--- Information provided ---
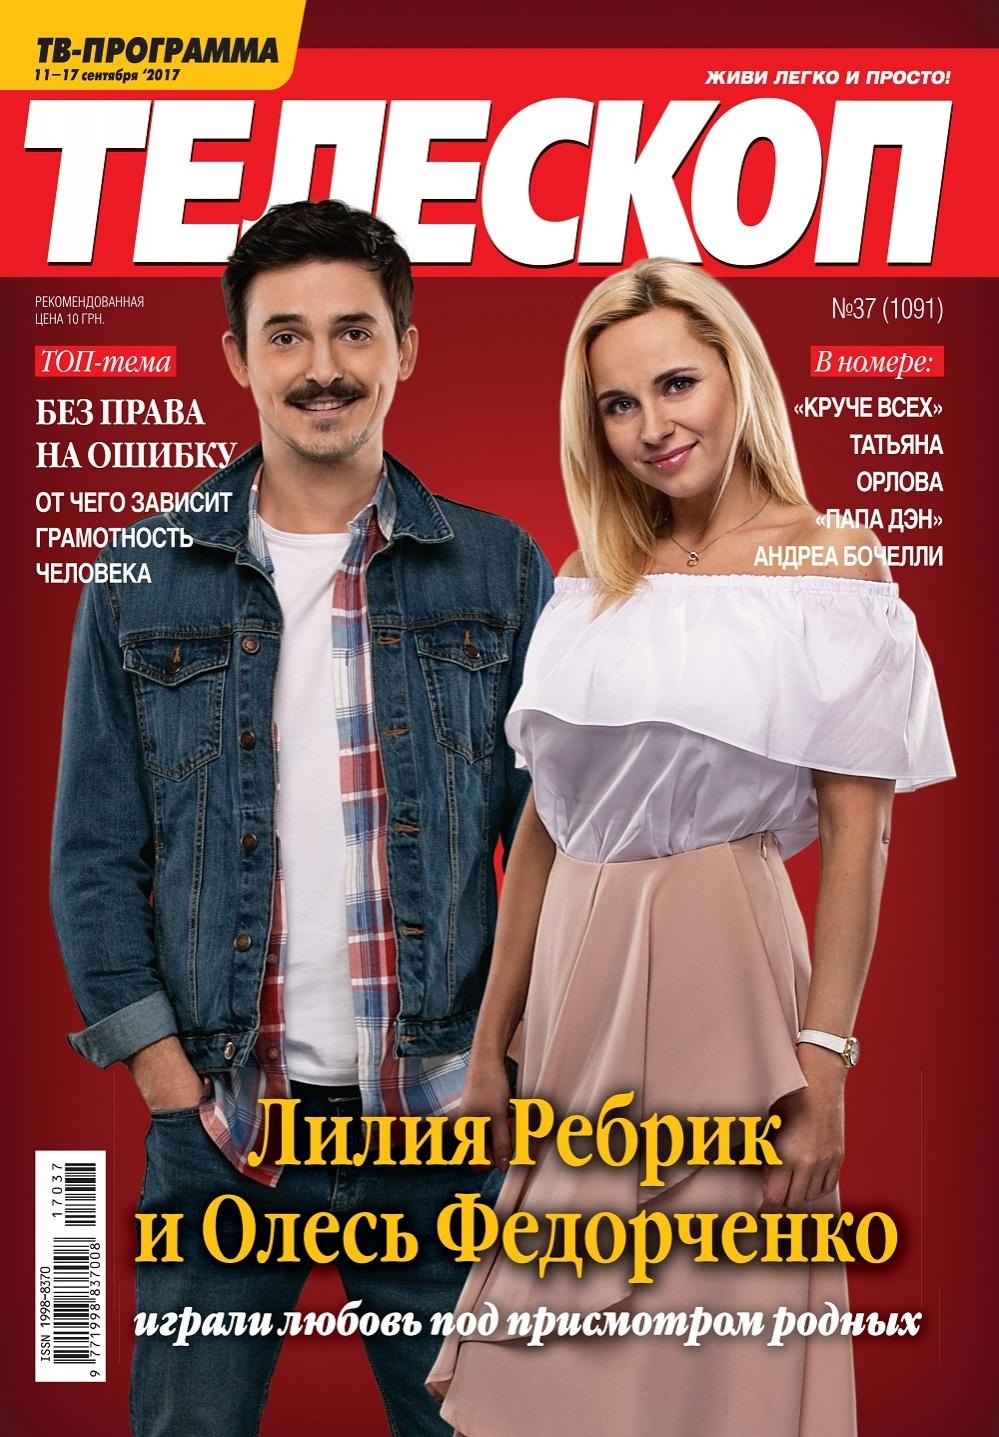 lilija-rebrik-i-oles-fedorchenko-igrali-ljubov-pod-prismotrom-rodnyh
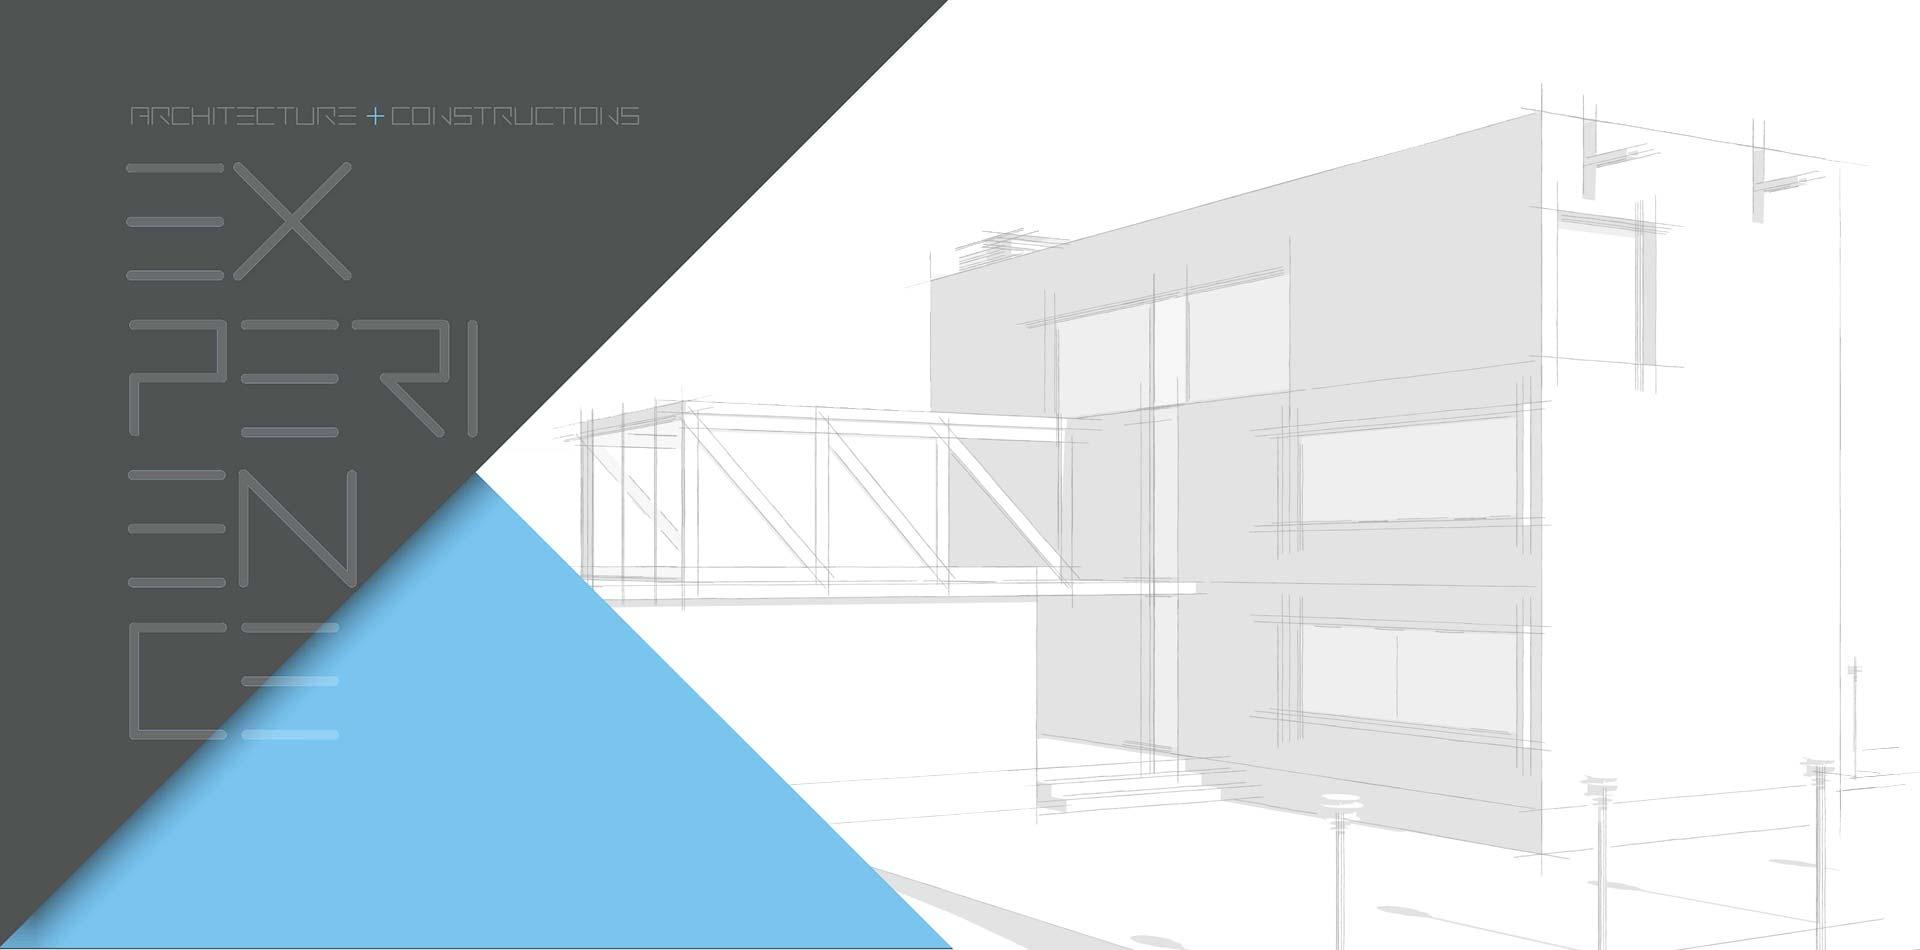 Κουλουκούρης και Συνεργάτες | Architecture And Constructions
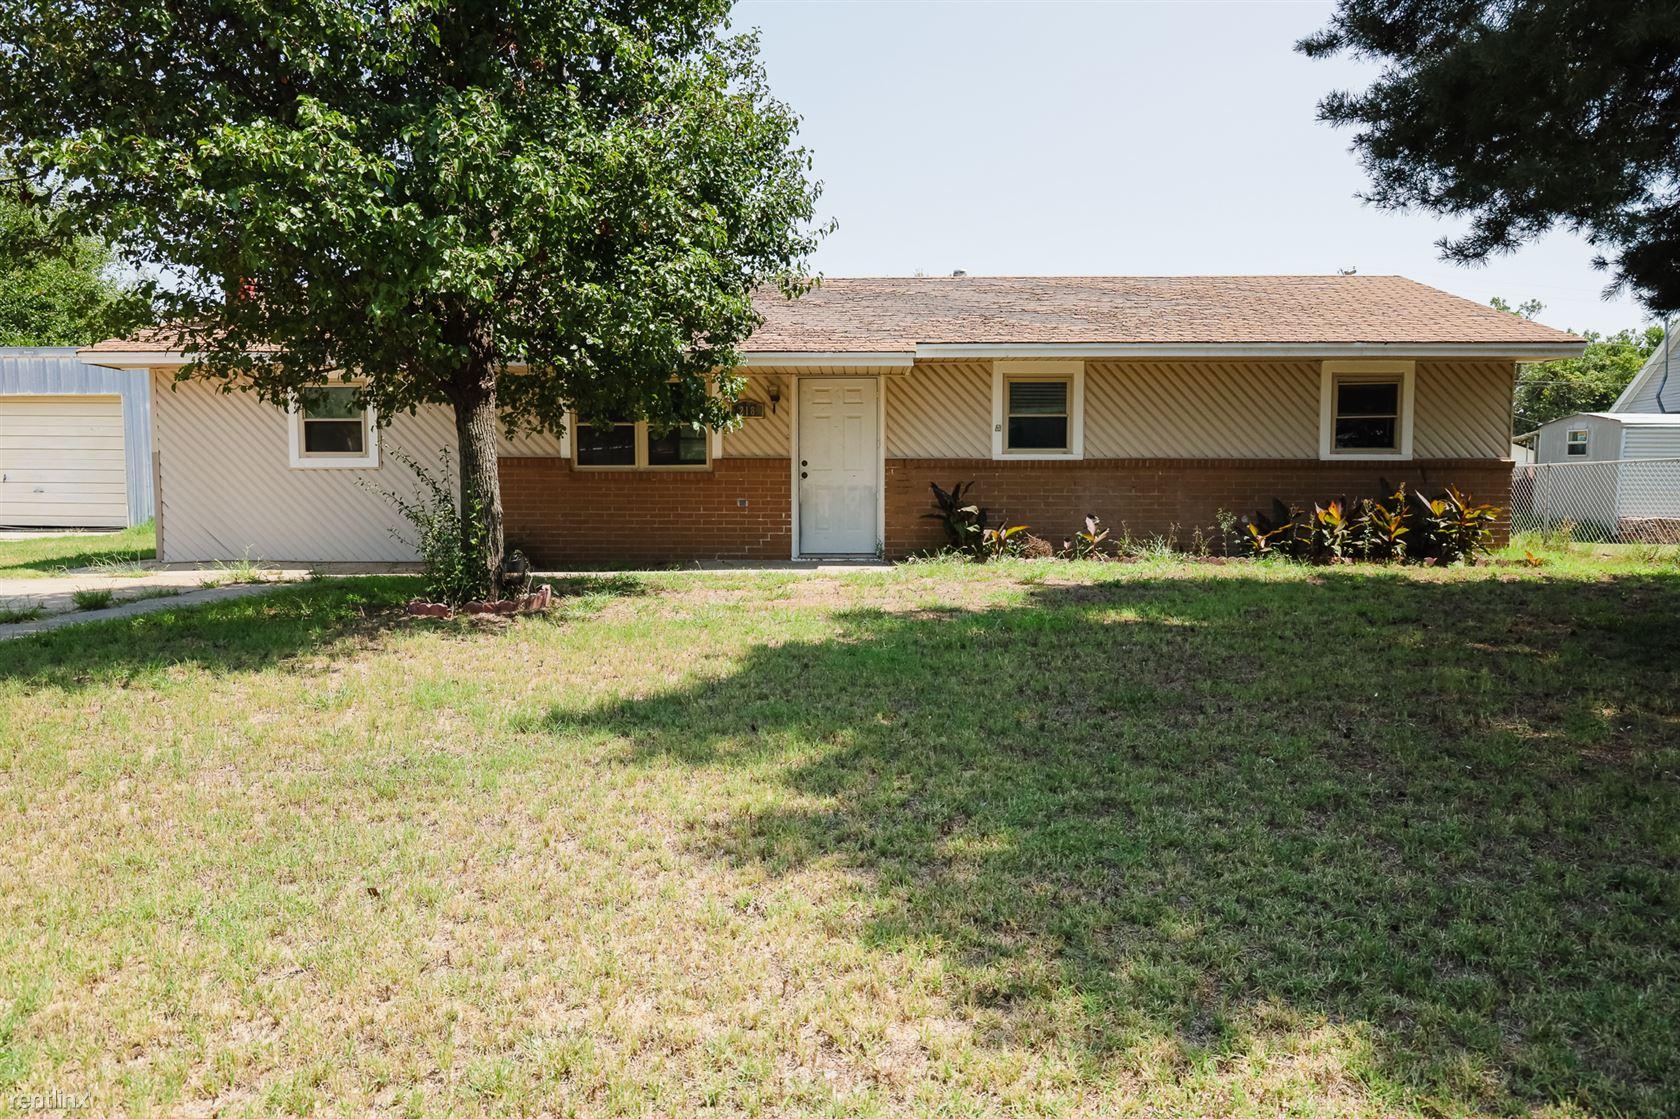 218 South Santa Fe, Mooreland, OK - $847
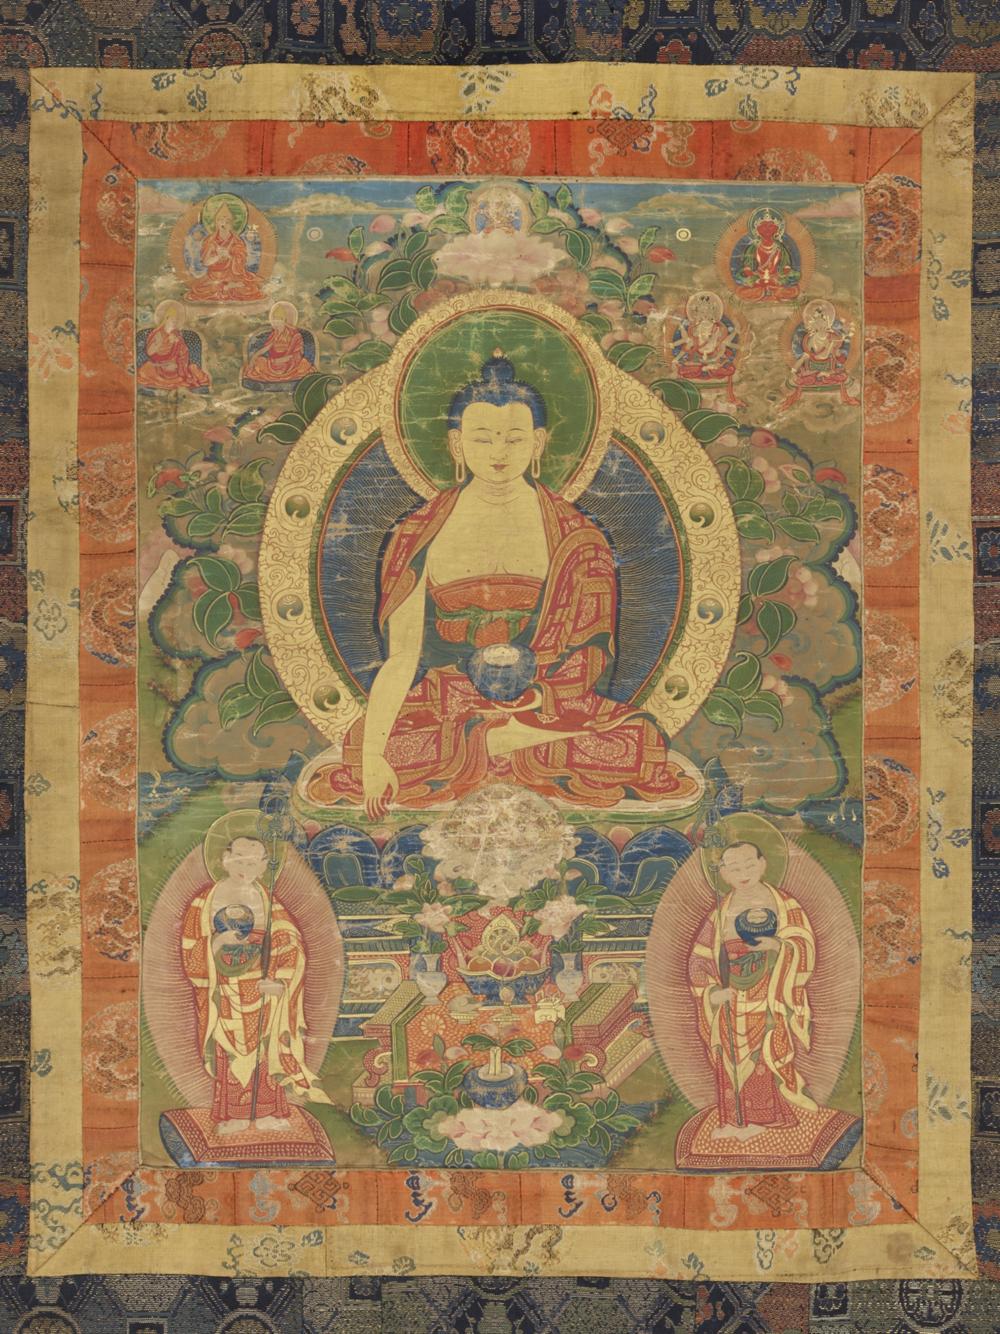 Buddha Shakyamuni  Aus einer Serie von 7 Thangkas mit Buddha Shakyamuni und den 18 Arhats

--- Task to carry out ---
Produce an exact copy of every line above, with the images left out.

--- The answer ---
 lilija-rebrik-i-oles-fedorchenko-igrali-ljubov-pod-prismotrom-rodnyh
 Κουλουκούρης και Συνεργάτες | Architecture And Constructions
 218 South Santa Fe, Mooreland, OK - $847
 Buddha Shakyamuni  Aus einer Serie von 7 Thangkas mit Buddha Shakyamuni und den 18 Arhats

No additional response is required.